2006 : la jeunesse contre le CPE
2016 : le CPA = le CPE pour tous

Le projet de loi de Myriam El Khomri, ministre du travail comporte un ensemble de mesures pour disloquer les garanties collectives inscrites dans le code du travail, organiser la précarisation à vie de la jeunesse, de tous les salariés, y compris des fonctionnaires (un article veut autoriser le gouvernement à procéder par ordonnance pour instaurer l’individualisation des droits contre le statut). Ce projet n’est ni négociable, ni amendable : l’unité doit se réaliser pour son retrait pur et simple.

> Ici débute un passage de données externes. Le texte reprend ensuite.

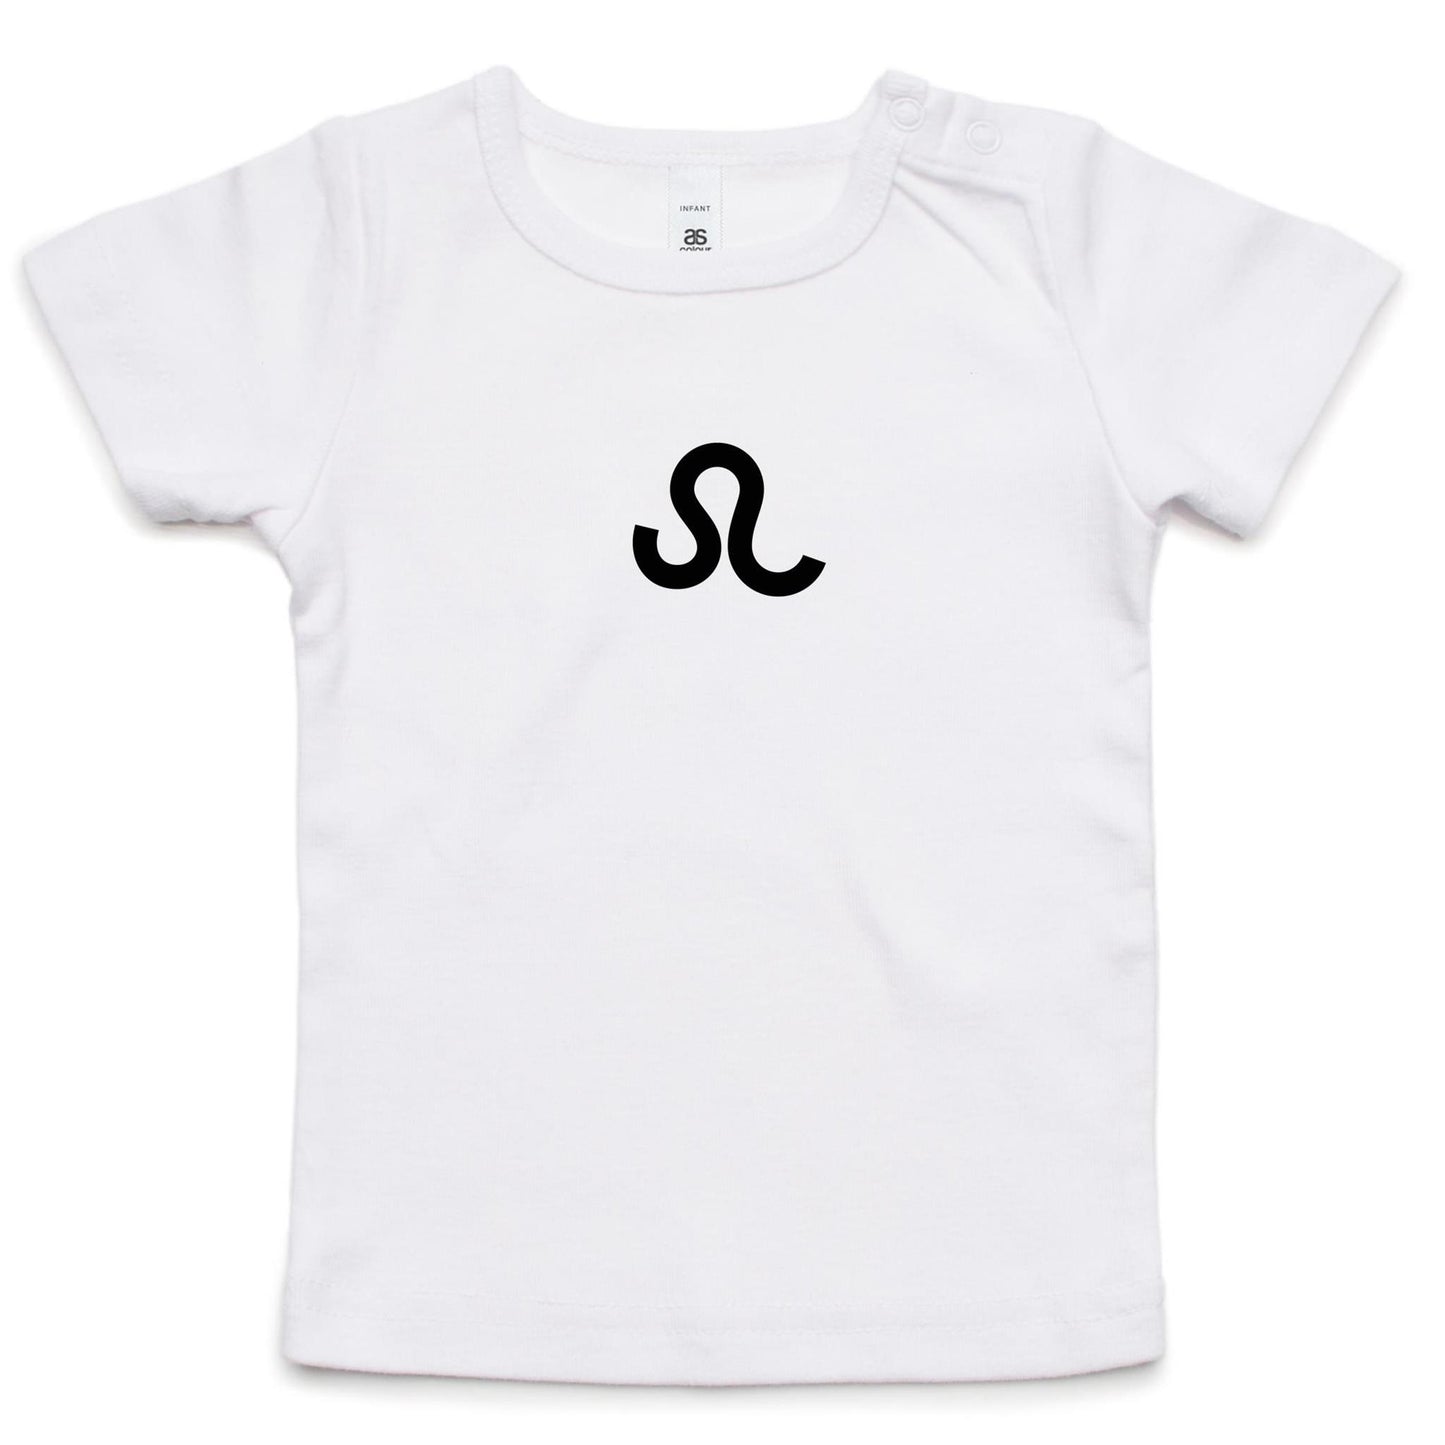 Leo T Shirts for Babies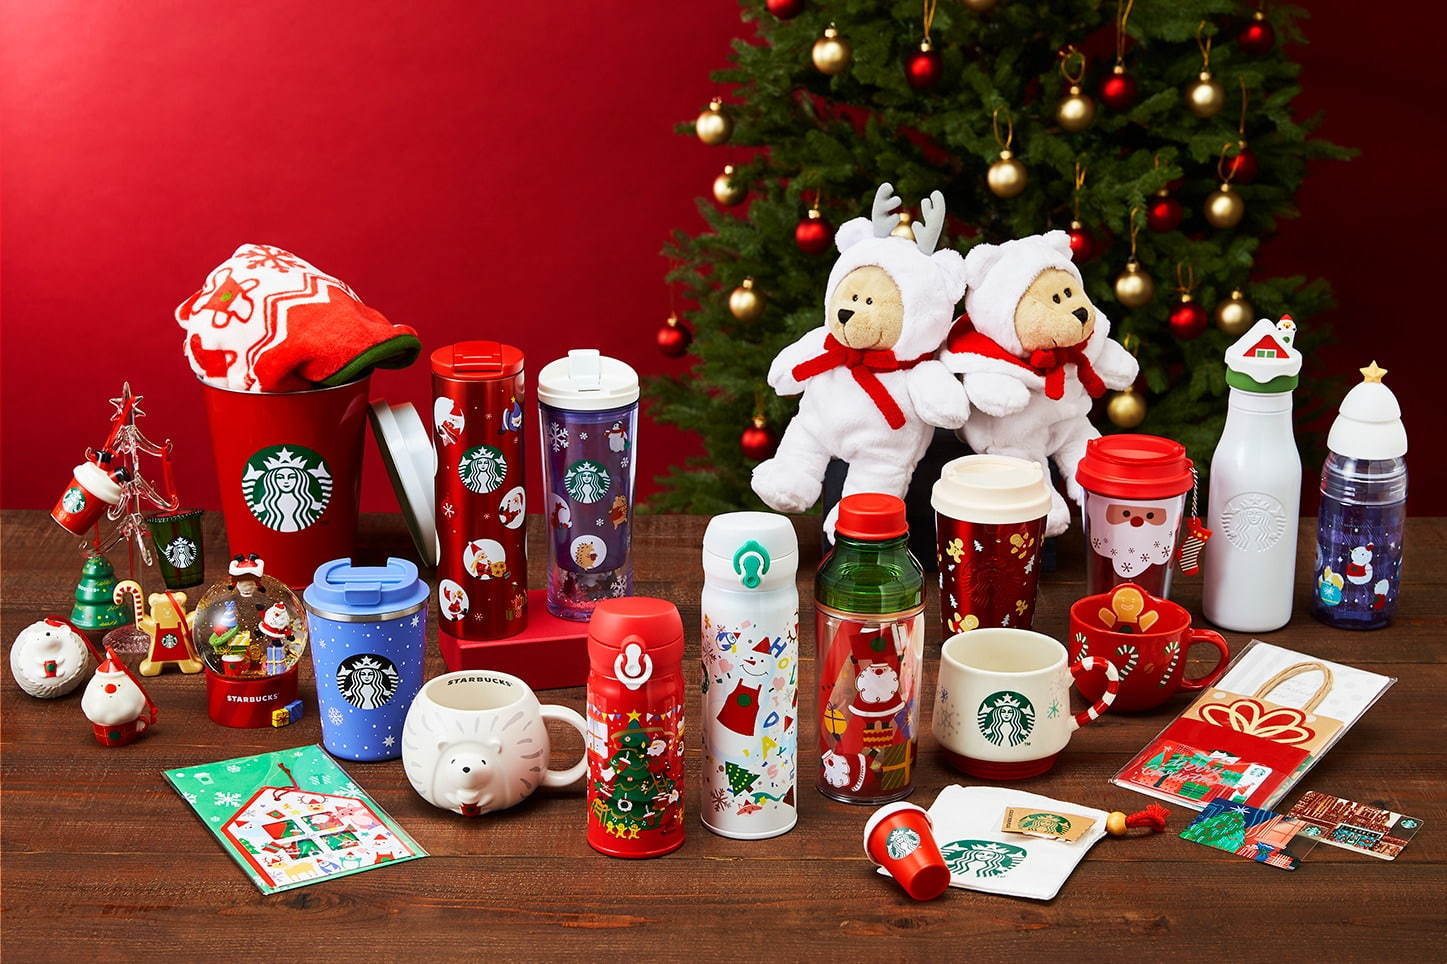 Starbucks Japan Releases New Limited Edition Mugs, Cards And Travel Bottles For Christmas 2019. SoraNews24 Japan News

L’article ci-dessous met en évidence l’impact de cette loi sur les fonctionnaires et contre le statut.
A lire dans le n°7 de la revue L’émancipation (mars 2016). http://www.emancipation.fr/spip.php?article1279
29 février 2016

Boycott de “l’agenda social” du gouvernement

UNITÉ CONTRE LE CPA, MORT ANNONCÉE DU STATUT

Le compte personnel d’activité (CPA) est une des pièces maitresse du plan de mise à mort du statut des fonctionnaires arraché en 1945 et du droit du travail dont les fondements s’appuient sur plus d’un siècle de luttes ouvrières. Ce plan s’inscrit aujourd’hui dans le projet de loi de Myriam El Khomri, ministre du travail.

Nous n’aborderons dans cet article qu’un seul aspect de ce projet de loi : les dernières annonces contre le statut des fonctionnaires.

Dans la continuité des “concertations” et négociations sur la “modernisation de la Fonction publique” appelées aussi PPCR, qui permettent au gouvernement de porter de graves atteintes au statut (suppression du rythme minimal d’avancement, mobilité…) et qui apportent la caution des directions syndicales au blocage du point d’indice, un nouveau calendrier de “concertations” sur les contre-réformes gouvernementales a été présenté, le 8 février, aux fédérations syndicales.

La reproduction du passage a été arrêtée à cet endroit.